This is an estimate of total potential value and does not separate potential additional value from value which is already realised or will never be realisable. Further work is needed to understand how much value has been realised and where it would be socially beneficially to increase data access. Policy decisions around data access would also need to be balanced against a case-by-case understanding of risks and costs associated with increasing data access.
Introduction
The public sector collects and processes huge amounts of data during ordinary business. Both the Industrial Strategy and AI Opportunities Action Plan identified ways for government to improve how it leverages these data assets in ways which support the UK economy. Initiatives such as the National Data Library aim to responsibly increase external access to public sector data to support greater innovation and improved productivity across the economy.[footnote 3] This work aims to estimate the total potential value to the economy of access to public sector data.
There are numerous examples of public sector data being shared externally for the benefit of the UK economy. This includes regional Open Data schemes such the London Datastore,[footnote 4] industry specific schemes such as the Rail Data Marketplace,[footnote 5] and government owned companies who sell public sector data assets such as Ordnance Survey.[footnote 6]
Understanding and articulating the value of public sector data has been an expanding area of research among economists and policymakers in recent years. This is particularly important for justifying investment to improve external access to public sector data.
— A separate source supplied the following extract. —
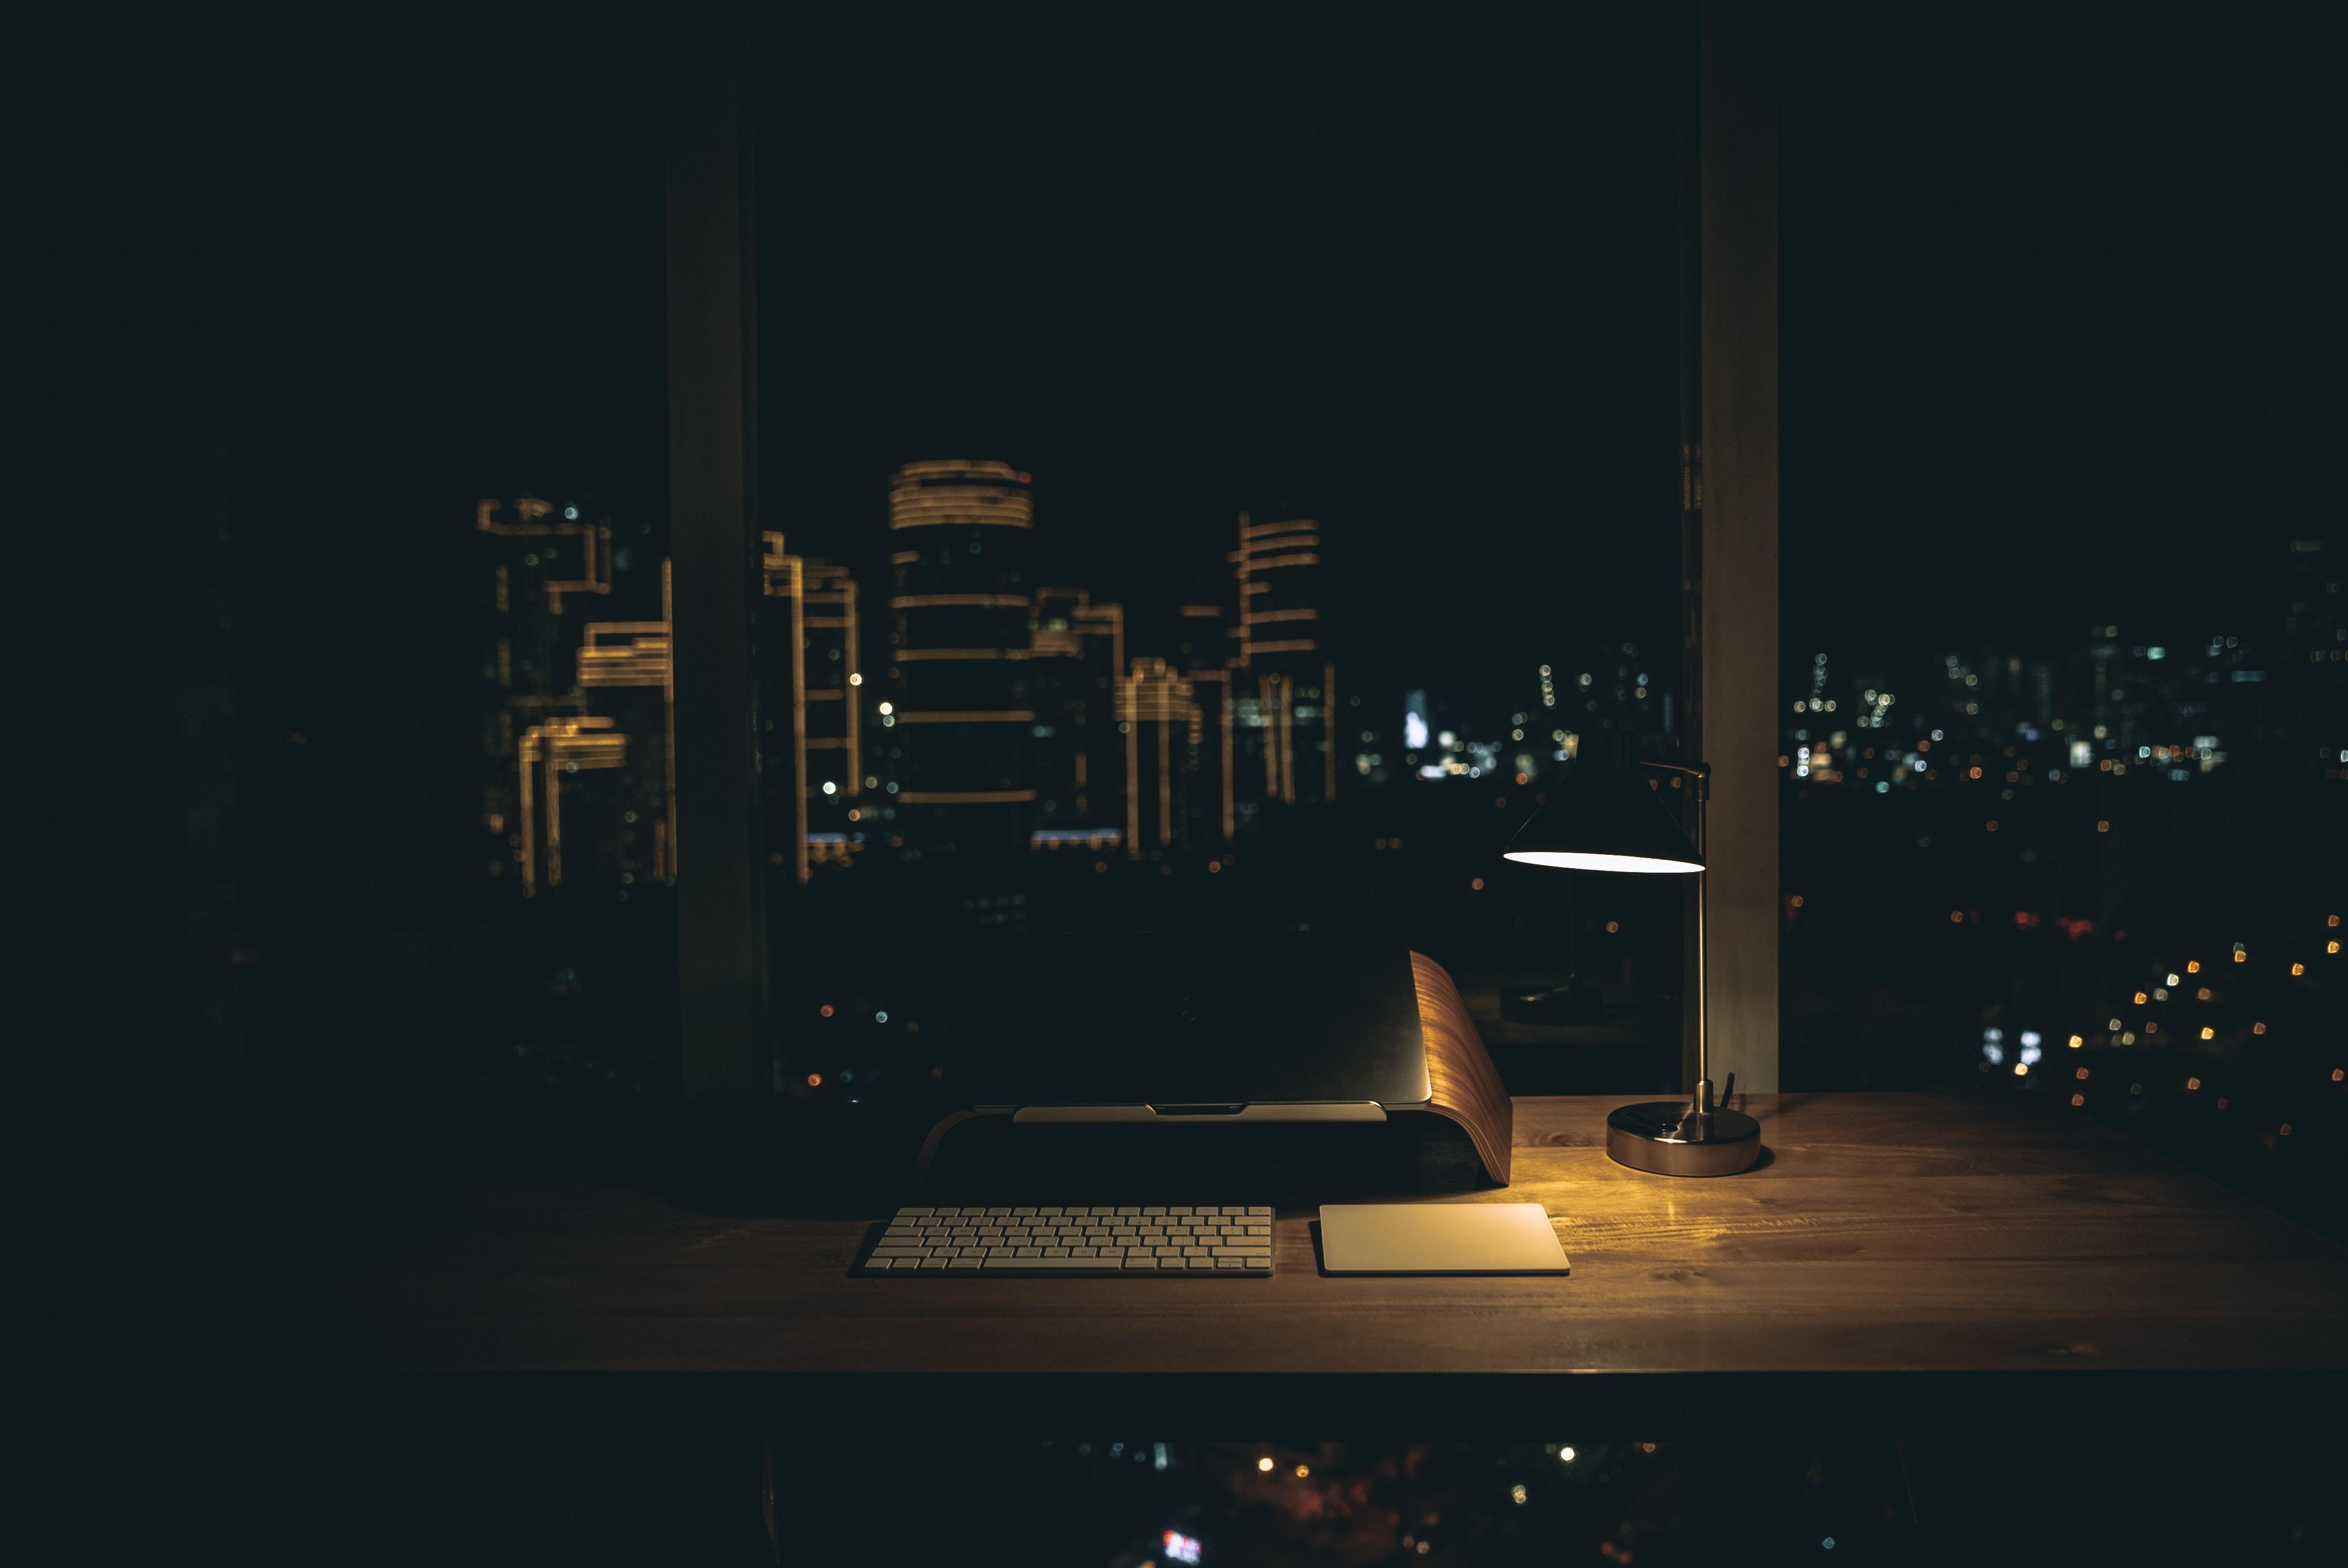 lit desk lamp on top of desk
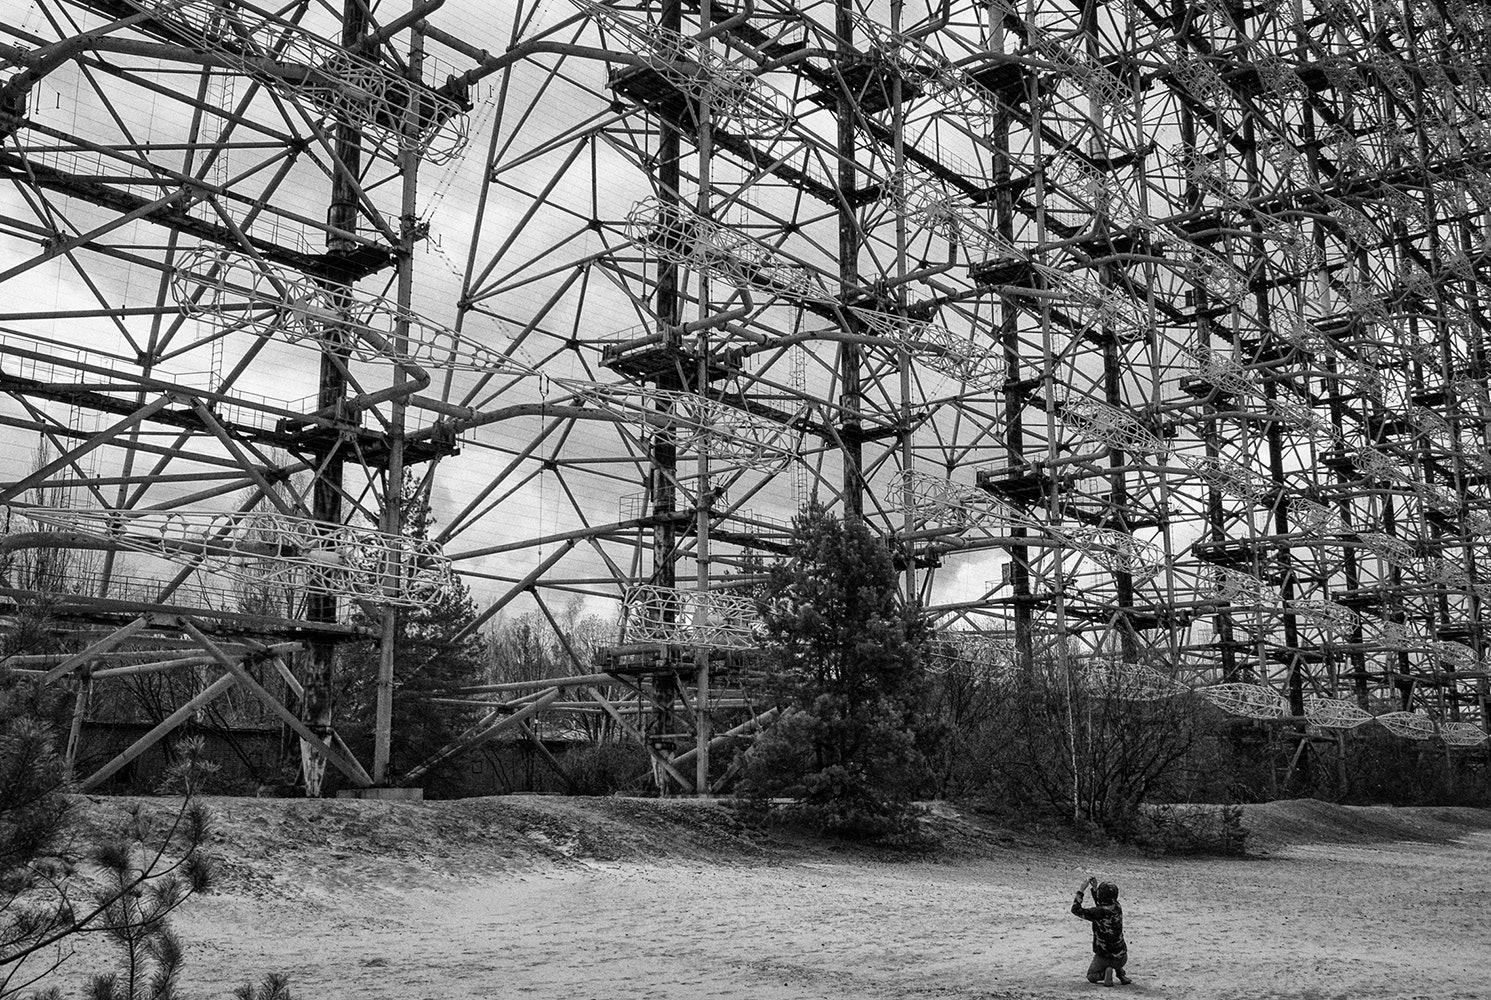 Lomakin-Pripyat_14

Funding and measurement issues have been highlighted as key issues for the UK’s state of digital government, as it is hard to forecast costs and demonstrate benefits of many digital and data-driven products in monetary terms.[footnote 7]
This is an initial estimate of the value of public sector data to the economy. It is informed by existing literature on data valuation methodology and demonstrates the scale of potential benefits from improving access to public sector data. It applies conservative assumptions, with an expectation that it will be updated as discussions around data valuation methodologies evolve.
Context and literature
Data definitions
Data is used to refer to a wide range of concepts. The broad definition of data, which is used throughout this paper, encompasses the entire value chain of data, from collection up to data intelligence. Whole economy estimates of data investment using this definition range from 10-12% between 2012 and 2020.[footnote 2]
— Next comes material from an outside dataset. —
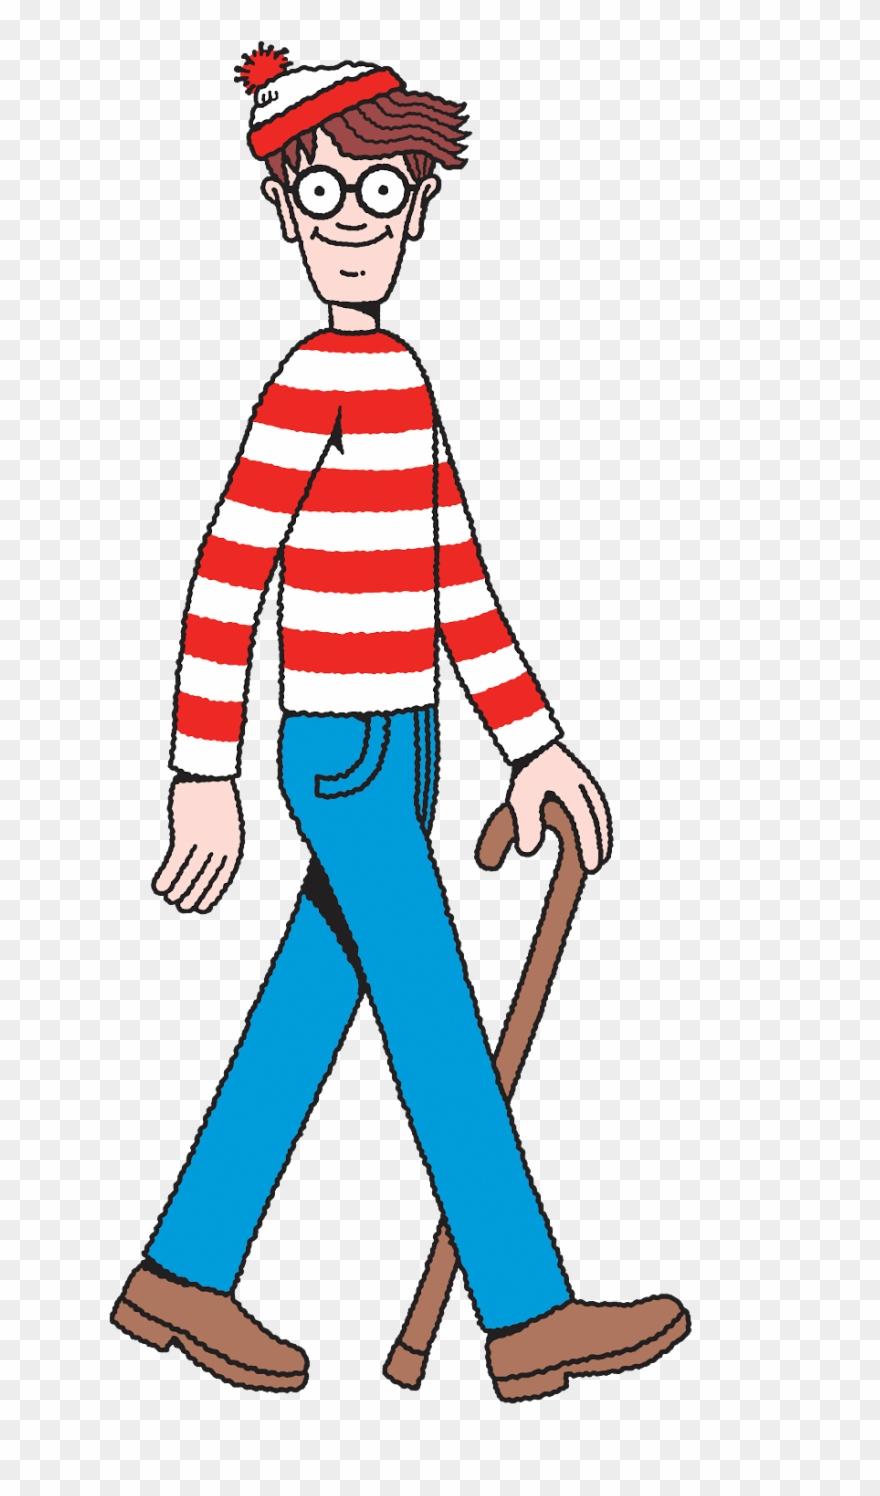 Where\'s Waldo Transparent Clipart (#4505806).

Data is split up into more specific groups when measuring the size of the economy. The System for National Accounts (SNA), an internationally agreed framework for national economic statistics, split up the aspects of the data value chain. Data refers on to the recorded and stored information from observable phenomena. If that data is then organised and structured typically by combining it with software, it becomes a ‘database’. Currently, only databases are included in UK GDP statistics as a combined ‘software and databases’ asset type, though the latest framework includes a combined asset category of ‘data and databases’.[footnote 8]
Data is a significant component of ‘intangible capital’. Previous DSIT[footnote 2] and academic research[footnote 9] highlight the overlap between data and intangible capital. The combined ‘software and databases’ category was the largest area of intangible asset investment in 2022.[footnote 10] Meanwhile, other forms of intangible capital are increasingly reliant on data intelligence, for example, research and development, marketing, and financial products.
Characteristics of data
Data is difficult to value via traditional methods because it differs from traditional assets. For example:
Data is non-rival. This means it can be used by multiple users at once without depleting it. It also means that it can used for numerous applications, even if these are not known at the time of collection.
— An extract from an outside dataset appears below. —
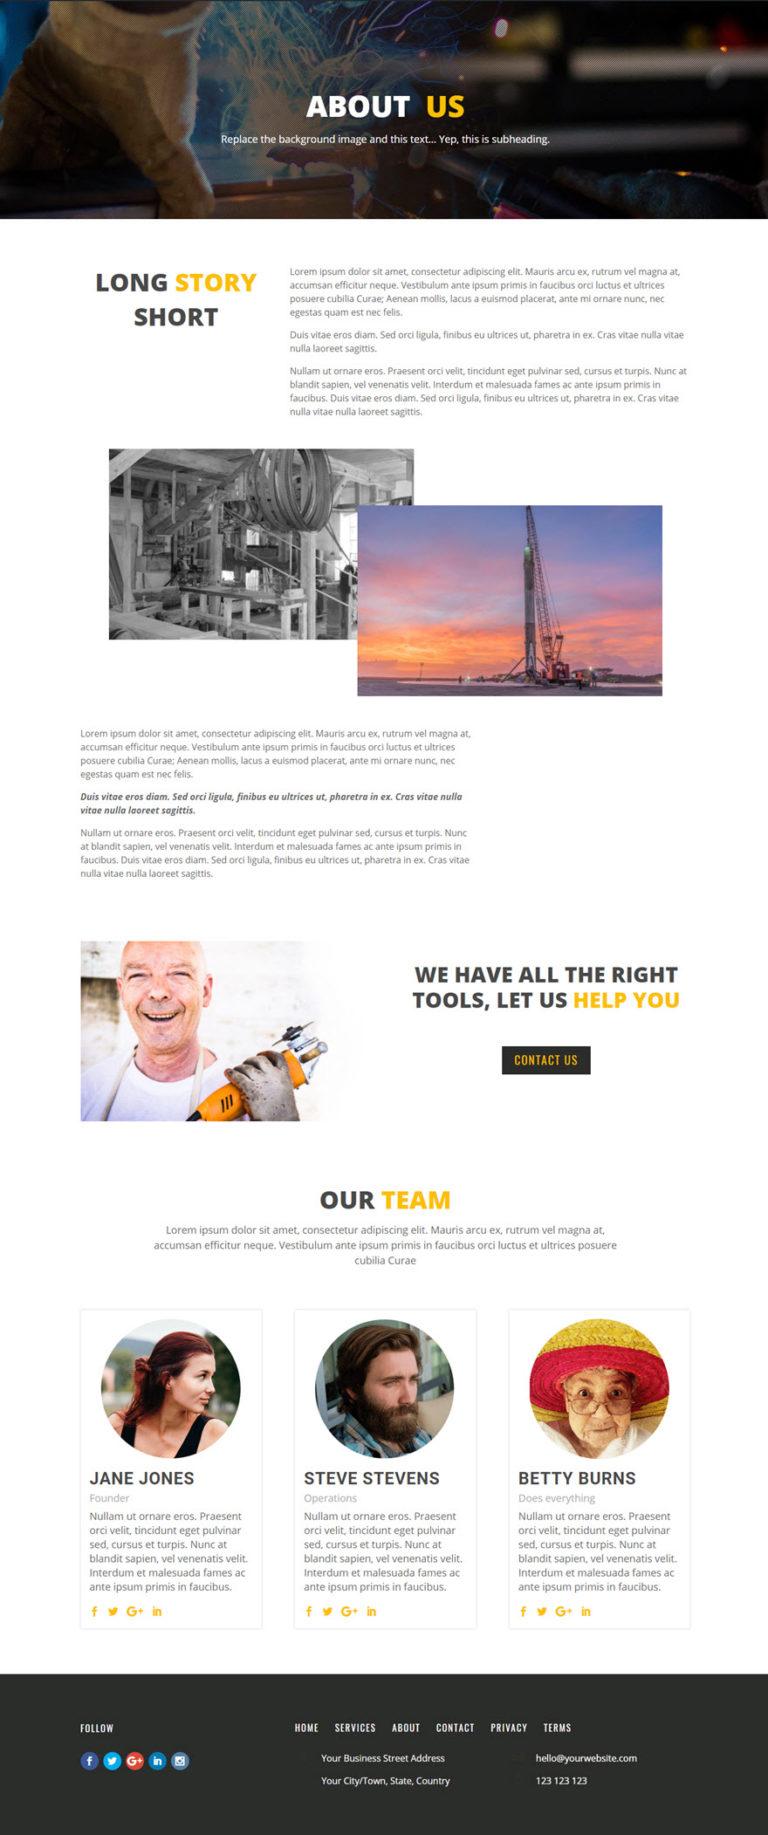 halaman tentang us.jpg

Data has externalities. This means there are side effects of data access that impact without being accounted for in traditional markets. Combining data generates more uses than individual datasets. This means that value can be greater than the sum of its parts, but risks can also rise disproportionately.
Data often has high fixed costs and low marginal costs. This means markets struggle to set a price that covers the high costs of production while reflecting the low cost of sharing with new users.
Data is an intermediate good. This means it often not used directly by consumers, but by businesses who in turn provide products and services to consumers. The value of the data is then derived from the value of these final products and services. As applications of data to create new products and services by businesses can be unknown in advance, so too can the value.
Methods for valuing data
The Value of Data report (2021)[footnote 11] outlines and assesses the methodological landscape. Three main categories of methods for valuing data which have been applied in the public sector, these are:
- Cost-based methods: valuing data according to the costs incurred to collect, store and analyse data
- Market-based methods: using the market prices of data or market valuations of companies which use data intensively
- Use-based methods: a broader group of methods which aim to estimate the value to businesses (in terms of profits or productivity) or to consumers (in terms of willingness to pay) of using data. The literature often refers to these methods, when applied to businesses, as “income-based” or “revenue-based” methods
Cost-based methods are commonly used to value assets in companies’ financial statements and in national accounts. They are best suited to very broad valuations of data (for example, across the whole economy), cases where the value of data assets is less context dependent and relatively stable over time, and cases where the data is not created as a by-product of economic activity. They are likely to provide a lower-bound estimate of the value of data.
Market-based methods are a reliable option for valuing data assets when there is a significant volume of transactions. However, market prices for data are often not available as data assets are often produced and analysed internally. This is particularly true for the public sector, though it is also common elsewhere in the economy.[footnote 2] It is also difficult to disentangle the value of data from other digital and intangible assets. These methods are therefore likely to provide an upper bound for the true value of data to an organisation.
Use-based methods are the most appropriate for assessing the impact of data policy changes because of their flexibility and ability to account for differences in dataset values at a more granular level. However, the current empirical literature remains underdeveloped and will need to grow further before use-based methods can be consistently applied to a range of data policies. Uses can also be difficult to identify, a problem which is exacerbated at scale. This makes them inappropriate for broad valuations.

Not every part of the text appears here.